I’m confident that even an older person in reasonable shape could make it up 21 standard flights with care, a bit of help, and plenty of rests.

That’s a good point about luggage - I wouldn’t be able to manage a big suitcase up 21 flights either, and I hadn’t thought of that.

Still, they could leave the luggage behind and have it delivered to them later.

I bet these folks could make it if the hotel put a buffet at each stair landing… They just need to motivate them. Unless one of them is wheelchair bound, this is just pathetic.

Jeez, read the story right there in the OP:

Also “with platforms and ladders” sounds like it’s trickier than just a simple staircase.

My mother in her last 6 months, on 6l of oxygen could have managed this climb given enough time. Staff could carry a paralyzed person up given enough time.

These people are not “trapped”. They are choosing to stay until it is easier and more comfortable to leave via an elevator.

I didn’t read the article (bad Johnny) and didn’t see the bit about platforms and ladders. That’s definitely different than 21 flights of stairs.

I don’t think the “platforms and ladders” bit was there when I first posted - stories get updated on line all the time, and what’s on CNN now looks a bit different than what I originally saw. (The teaser is definitely different). However, if it was there all along and I missed it, my bad.

My family took the cave tour in 1974. We used that elevator to get to the surface.

There’s a tourist shop in the cave. We bought slides of the Caverns.

It would suck for that elevator to break. The cave requires a lot of walking up and down a slippery sidewalk in the cave. I still remember being tired.

Ha, it just now changed to

For people that have been in the cave in the past 20 or so years.

Does it still start with the guided tour into the center of the cave? I remember clinging to the handrail in places because it got The tour ended near the tourist shop and elevator in 1974.

There wa a optional second cave room that was unguided. It was well marked and level. But very large. It took at least another hour to get back to the elevator.

My parents were sore for a couple days. :wink: I was 12 and wanted to go back the next day.

I’ve always dreamed of revisting Carlsbad. That was the best vacation of my childhood.

I hope it hasn’t changed very much.

I would run up the stairs after the beer ran out.

The original tours involved being lowered down on a rope, so 21 flights of stairs is definitely a step up (ha) from that! Seeing as how it costs $1000 to spend the night in the “suite” vs around $25 for the regular tour, I’d say those folks got quite a bargain. I’ve stayed at the above-ground hotel a couple of times before heading down to Havasu Canyon, it’s nothing to write home about.

Back in the 60s the cave was designated at a fallout shelter–the tour guides point out a stockpile of survival supplies in a back corner. I doubt any of the rations would be edible today.
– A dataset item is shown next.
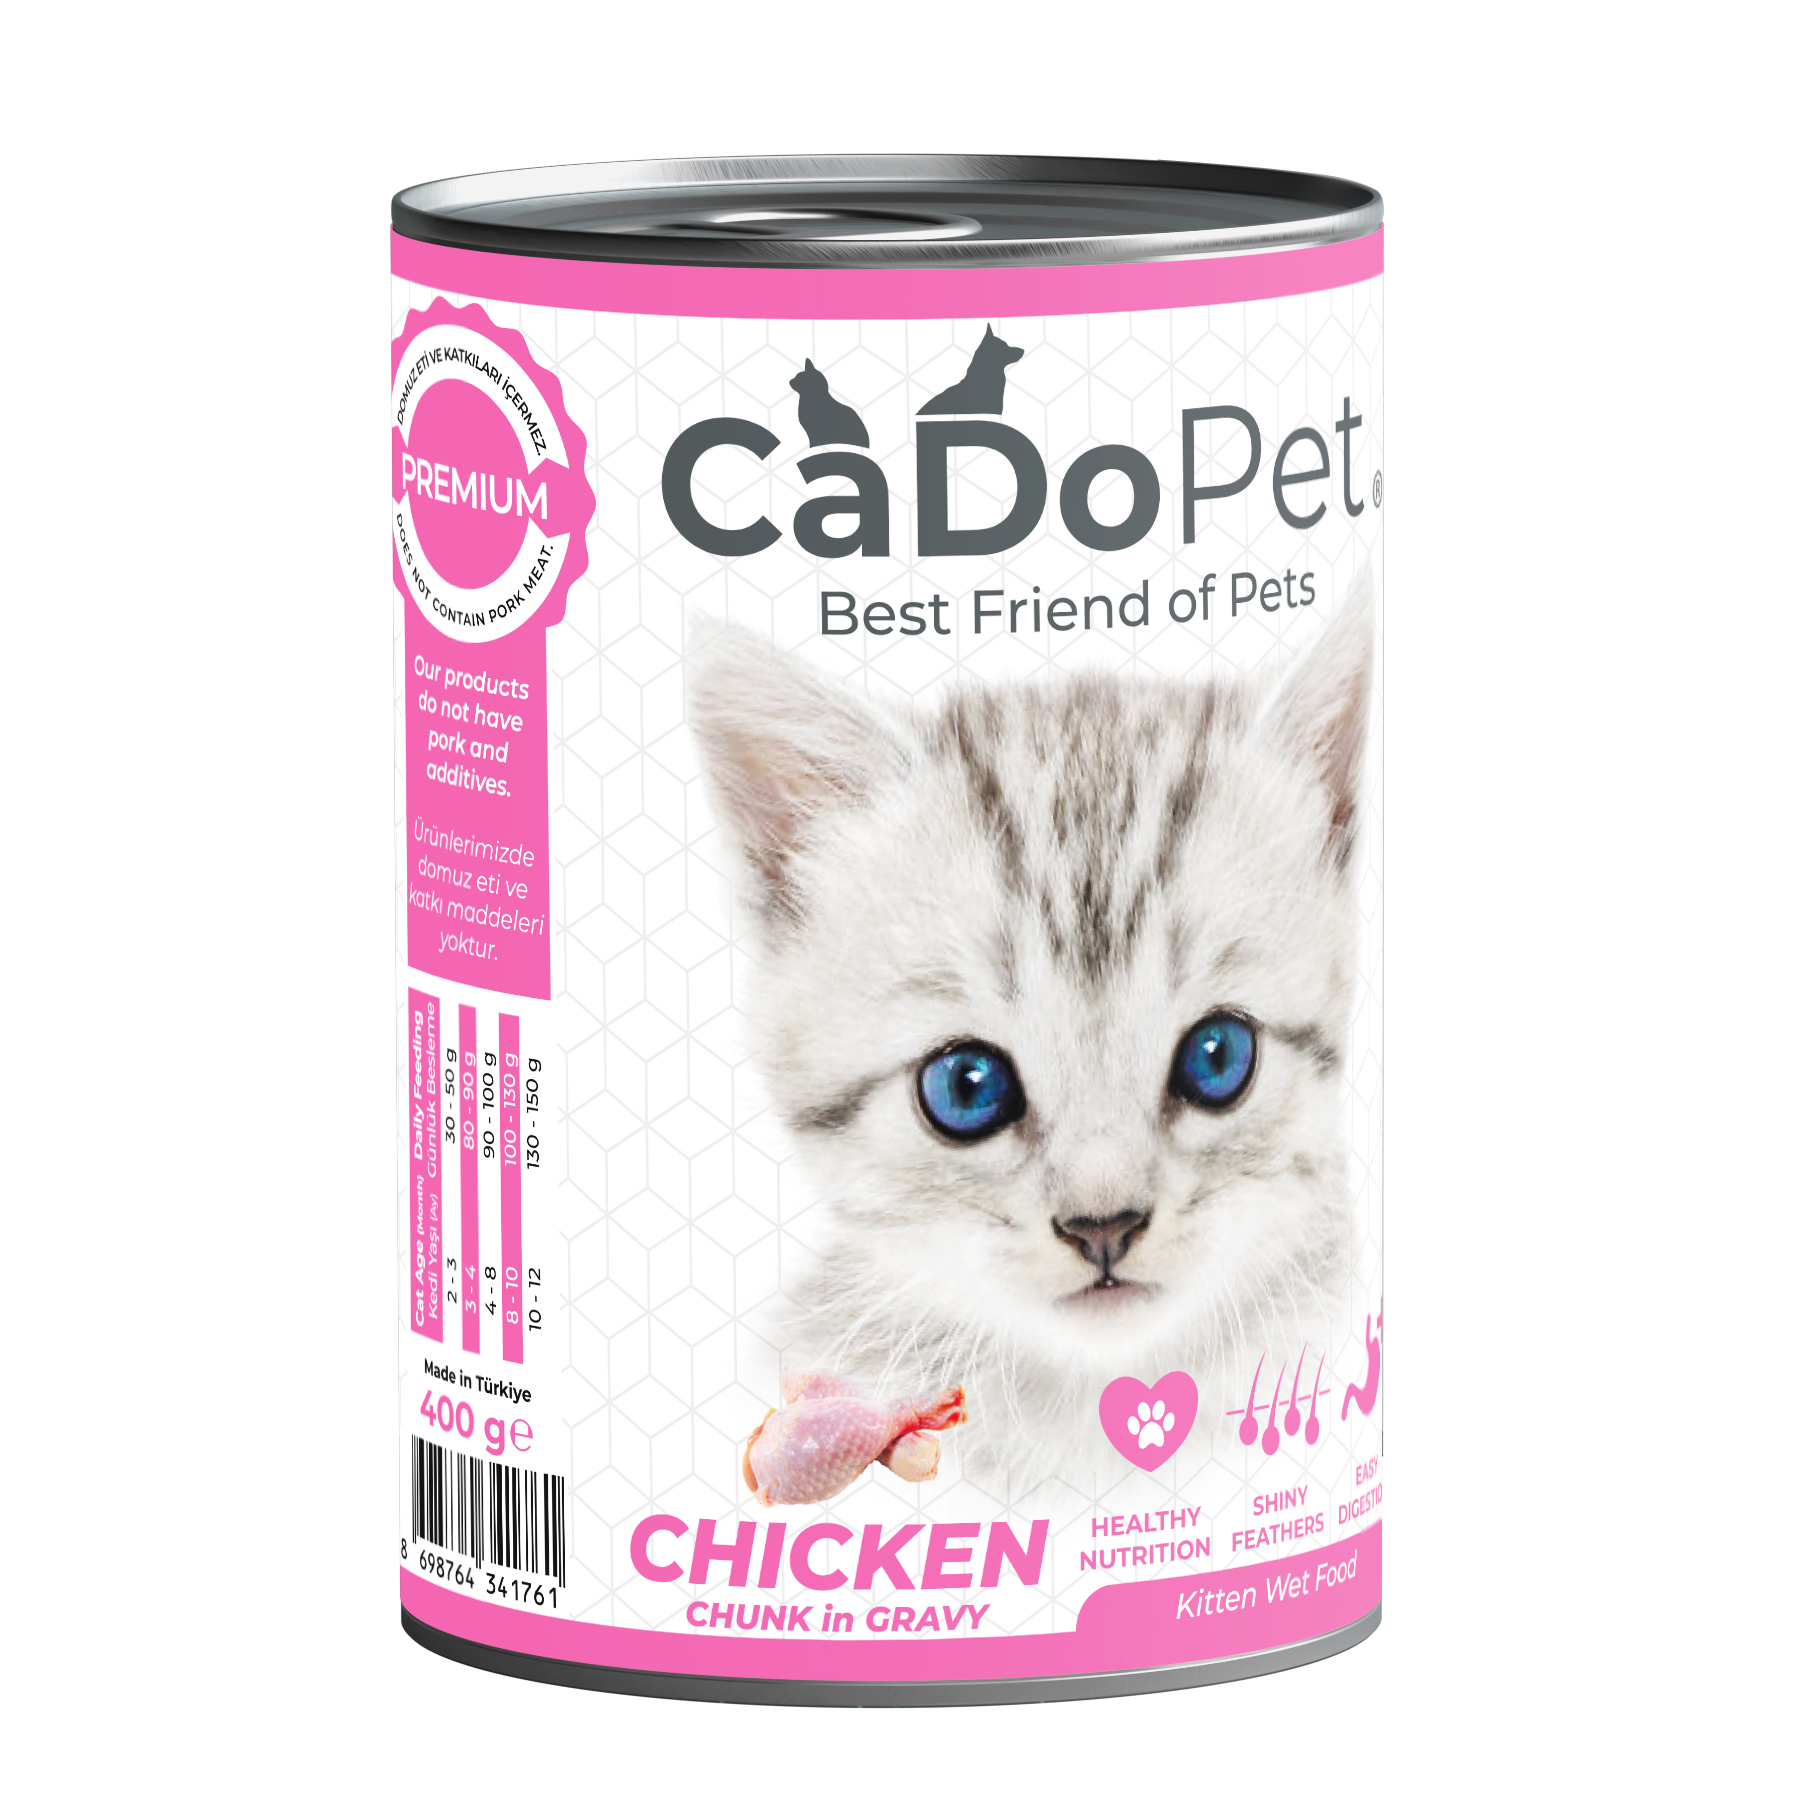 .Kitten Wet Food 400g with Chicken Chunk.

200 feet is nothing for the people who could make it on their own: it all depends on how rough the actual “ladders” are I guess. (In addition to probably not having luggage since as I understand it they did not intend on staying at the hotel). On the other hand, if the elevator had been stuck in Carlsbad Caverns, it would have been a relative piece of cake to go out the natural entrance since there is a smooth ramp the whole way. For elderly people who are not fit, it would have taken longer and required more breaks, since it is an 750 foot difference, but the times I’ve gone up the natural entrance it did not feel like 750 feet at all since the trail was so well-graded. Plus there are a lot of benches to sit down and rest.

I have really bad knees and an injured leg. I could make it out, but it would take a looooooong time with lots of breaks. Not completely sure about the ladders, though. It gets iffy when I have to put all my weight on my bad leg.